WHAT YOU SHOULD DO: Line by line, copy out the data below exactly.

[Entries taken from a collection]

╔══

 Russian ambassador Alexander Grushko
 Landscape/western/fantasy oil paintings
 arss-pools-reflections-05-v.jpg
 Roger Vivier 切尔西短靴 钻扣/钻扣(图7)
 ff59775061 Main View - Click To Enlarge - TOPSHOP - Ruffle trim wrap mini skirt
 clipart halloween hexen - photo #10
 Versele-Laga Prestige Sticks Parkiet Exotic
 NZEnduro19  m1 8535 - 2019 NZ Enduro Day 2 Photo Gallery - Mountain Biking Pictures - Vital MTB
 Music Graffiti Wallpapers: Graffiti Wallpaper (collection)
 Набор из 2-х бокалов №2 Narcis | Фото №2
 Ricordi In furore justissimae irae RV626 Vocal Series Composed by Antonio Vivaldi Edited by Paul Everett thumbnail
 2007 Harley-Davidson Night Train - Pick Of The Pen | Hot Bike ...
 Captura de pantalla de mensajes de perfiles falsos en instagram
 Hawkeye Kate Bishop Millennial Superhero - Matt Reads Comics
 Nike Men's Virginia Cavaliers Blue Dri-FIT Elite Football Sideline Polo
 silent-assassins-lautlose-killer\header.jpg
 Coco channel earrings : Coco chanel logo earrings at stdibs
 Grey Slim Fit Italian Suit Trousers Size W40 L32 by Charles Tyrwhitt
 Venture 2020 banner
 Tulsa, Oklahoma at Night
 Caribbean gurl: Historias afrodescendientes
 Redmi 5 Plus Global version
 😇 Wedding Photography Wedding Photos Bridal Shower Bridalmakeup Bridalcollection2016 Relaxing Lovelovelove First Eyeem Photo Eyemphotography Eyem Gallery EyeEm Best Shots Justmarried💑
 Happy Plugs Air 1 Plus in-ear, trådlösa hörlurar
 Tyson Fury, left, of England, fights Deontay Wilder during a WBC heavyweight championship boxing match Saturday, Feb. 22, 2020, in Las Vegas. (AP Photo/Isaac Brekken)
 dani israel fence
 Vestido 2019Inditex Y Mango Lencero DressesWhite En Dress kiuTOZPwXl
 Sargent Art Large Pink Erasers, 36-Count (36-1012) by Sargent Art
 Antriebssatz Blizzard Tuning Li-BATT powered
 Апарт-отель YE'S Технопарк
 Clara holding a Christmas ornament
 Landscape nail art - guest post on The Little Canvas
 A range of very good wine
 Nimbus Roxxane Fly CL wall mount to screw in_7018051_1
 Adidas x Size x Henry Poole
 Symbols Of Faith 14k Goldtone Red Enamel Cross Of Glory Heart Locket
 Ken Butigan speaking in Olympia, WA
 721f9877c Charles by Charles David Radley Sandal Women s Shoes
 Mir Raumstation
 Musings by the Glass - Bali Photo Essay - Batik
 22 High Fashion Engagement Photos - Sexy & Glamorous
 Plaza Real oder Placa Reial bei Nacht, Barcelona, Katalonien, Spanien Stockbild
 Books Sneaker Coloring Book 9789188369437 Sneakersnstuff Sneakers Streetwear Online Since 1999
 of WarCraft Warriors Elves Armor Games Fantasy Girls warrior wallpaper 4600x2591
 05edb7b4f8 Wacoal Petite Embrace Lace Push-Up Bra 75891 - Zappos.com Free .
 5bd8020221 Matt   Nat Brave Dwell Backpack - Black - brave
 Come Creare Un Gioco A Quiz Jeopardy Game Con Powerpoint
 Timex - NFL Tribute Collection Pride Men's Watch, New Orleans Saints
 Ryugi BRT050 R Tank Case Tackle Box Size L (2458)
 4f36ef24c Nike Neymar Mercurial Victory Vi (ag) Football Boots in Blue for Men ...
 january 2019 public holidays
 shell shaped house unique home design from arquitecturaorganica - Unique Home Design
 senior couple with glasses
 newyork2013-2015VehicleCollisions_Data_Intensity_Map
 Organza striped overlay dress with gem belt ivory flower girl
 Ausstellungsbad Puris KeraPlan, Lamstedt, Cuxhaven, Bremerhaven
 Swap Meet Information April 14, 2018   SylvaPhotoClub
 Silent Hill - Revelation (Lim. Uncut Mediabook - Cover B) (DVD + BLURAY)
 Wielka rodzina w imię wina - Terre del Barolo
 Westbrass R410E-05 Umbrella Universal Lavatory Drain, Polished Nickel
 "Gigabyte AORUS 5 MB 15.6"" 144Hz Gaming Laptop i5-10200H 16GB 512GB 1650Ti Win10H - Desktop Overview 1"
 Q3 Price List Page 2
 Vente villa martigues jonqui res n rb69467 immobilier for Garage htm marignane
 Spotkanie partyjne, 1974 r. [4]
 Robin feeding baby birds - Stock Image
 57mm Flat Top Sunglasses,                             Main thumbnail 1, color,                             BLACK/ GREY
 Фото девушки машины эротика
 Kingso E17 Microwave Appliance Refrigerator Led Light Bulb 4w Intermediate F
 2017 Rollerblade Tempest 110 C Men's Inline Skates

╚══

RESPONSE TO THE TASK:
 Russian ambassador Alexander Grushko
 Landscape/western/fantasy oil paintings
 arss-pools-reflections-05-v.jpg
 Roger Vivier 切尔西短靴 钻扣/钻扣(图7)
 ff59775061 Main View - Click To Enlarge - TOPSHOP - Ruffle trim wrap mini skirt
 clipart halloween hexen - photo #10
 Versele-Laga Prestige Sticks Parkiet Exotic
 NZEnduro19  m1 8535 - 2019 NZ Enduro Day 2 Photo Gallery - Mountain Biking Pictures - Vital MTB
 Music Graffiti Wallpapers: Graffiti Wallpaper (collection)
 Набор из 2-х бокалов №2 Narcis | Фото №2
 Ricordi In furore justissimae irae RV626 Vocal Series Composed by Antonio Vivaldi Edited by Paul Everett thumbnail
 2007 Harley-Davidson Night Train - Pick Of The Pen | Hot Bike ...
 Captura de pantalla de mensajes de perfiles falsos en instagram
 Hawkeye Kate Bishop Millennial Superhero - Matt Reads Comics
 Nike Men's Virginia Cavaliers Blue Dri-FIT Elite Football Sideline Polo
 silent-assassins-lautlose-killer\header.jpg
 Coco channel earrings : Coco chanel logo earrings at stdibs
 Grey Slim Fit Italian Suit Trousers Size W40 L32 by Charles Tyrwhitt
 Venture 2020 banner
 Tulsa, Oklahoma at Night
 Caribbean gurl: Historias afrodescendientes
 Redmi 5 Plus Global version
 😇 Wedding Photography Wedding Photos Bridal Shower Bridalmakeup Bridalcollection2016 Relaxing Lovelovelove First Eyeem Photo Eyemphotography Eyem Gallery EyeEm Best Shots Justmarried💑
 Happy Plugs Air 1 Plus in-ear, trådlösa hörlurar
 Tyson Fury, left, of England, fights Deontay Wilder during a WBC heavyweight championship boxing match Saturday, Feb. 22, 2020, in Las Vegas. (AP Photo/Isaac Brekken)
 dani israel fence
 Vestido 2019Inditex Y Mango Lencero DressesWhite En Dress kiuTOZPwXl
 Sargent Art Large Pink Erasers, 36-Count (36-1012) by Sargent Art
 Antriebssatz Blizzard Tuning Li-BATT powered
 Апарт-отель YE'S Технопарк
 Clara holding a Christmas ornament
 Landscape nail art - guest post on The Little Canvas
 A range of very good wine
 Nimbus Roxxane Fly CL wall mount to screw in_7018051_1
 Adidas x Size x Henry Poole
 Symbols Of Faith 14k Goldtone Red Enamel Cross Of Glory Heart Locket
 Ken Butigan speaking in Olympia, WA
 721f9877c Charles by Charles David Radley Sandal Women s Shoes
 Mir Raumstation
 Musings by the Glass - Bali Photo Essay - Batik
 22 High Fashion Engagement Photos - Sexy & Glamorous
 Plaza Real oder Placa Reial bei Nacht, Barcelona, Katalonien, Spanien Stockbild
 Books Sneaker Coloring Book 9789188369437 Sneakersnstuff Sneakers Streetwear Online Since 1999
 of WarCraft Warriors Elves Armor Games Fantasy Girls warrior wallpaper 4600x2591
 05edb7b4f8 Wacoal Petite Embrace Lace Push-Up Bra 75891 - Zappos.com Free .
 5bd8020221 Matt   Nat Brave Dwell Backpack - Black - brave
 Come Creare Un Gioco A Quiz Jeopardy Game Con Powerpoint
 Timex - NFL Tribute Collection Pride Men's Watch, New Orleans Saints
 Ryugi BRT050 R Tank Case Tackle Box Size L (2458)
 4f36ef24c Nike Neymar Mercurial Victory Vi (ag) Football Boots in Blue for Men ...
 january 2019 public holidays
 shell shaped house unique home design from arquitecturaorganica - Unique Home Design
 senior couple with glasses
 newyork2013-2015VehicleCollisions_Data_Intensity_Map
 Organza striped overlay dress with gem belt ivory flower girl
 Ausstellungsbad Puris KeraPlan, Lamstedt, Cuxhaven, Bremerhaven
 Swap Meet Information April 14, 2018   SylvaPhotoClub
 Silent Hill - Revelation (Lim. Uncut Mediabook - Cover B) (DVD + BLURAY)
 Wielka rodzina w imię wina - Terre del Barolo
 Westbrass R410E-05 Umbrella Universal Lavatory Drain, Polished Nickel
 "Gigabyte AORUS 5 MB 15.6"" 144Hz Gaming Laptop i5-10200H 16GB 512GB 1650Ti Win10H - Desktop Overview 1"
 Q3 Price List Page 2
 Vente villa martigues jonqui res n rb69467 immobilier for Garage htm marignane
 Spotkanie partyjne, 1974 r. [4]
 Robin feeding baby birds - Stock Image
 57mm Flat Top Sunglasses,                             Main thumbnail 1, color,                             BLACK/ GREY
 Фото девушки машины эротика
 Kingso E17 Microwave Appliance Refrigerator Led Light Bulb 4w Intermediate F
 2017 Rollerblade Tempest 110 C Men's Inline Skates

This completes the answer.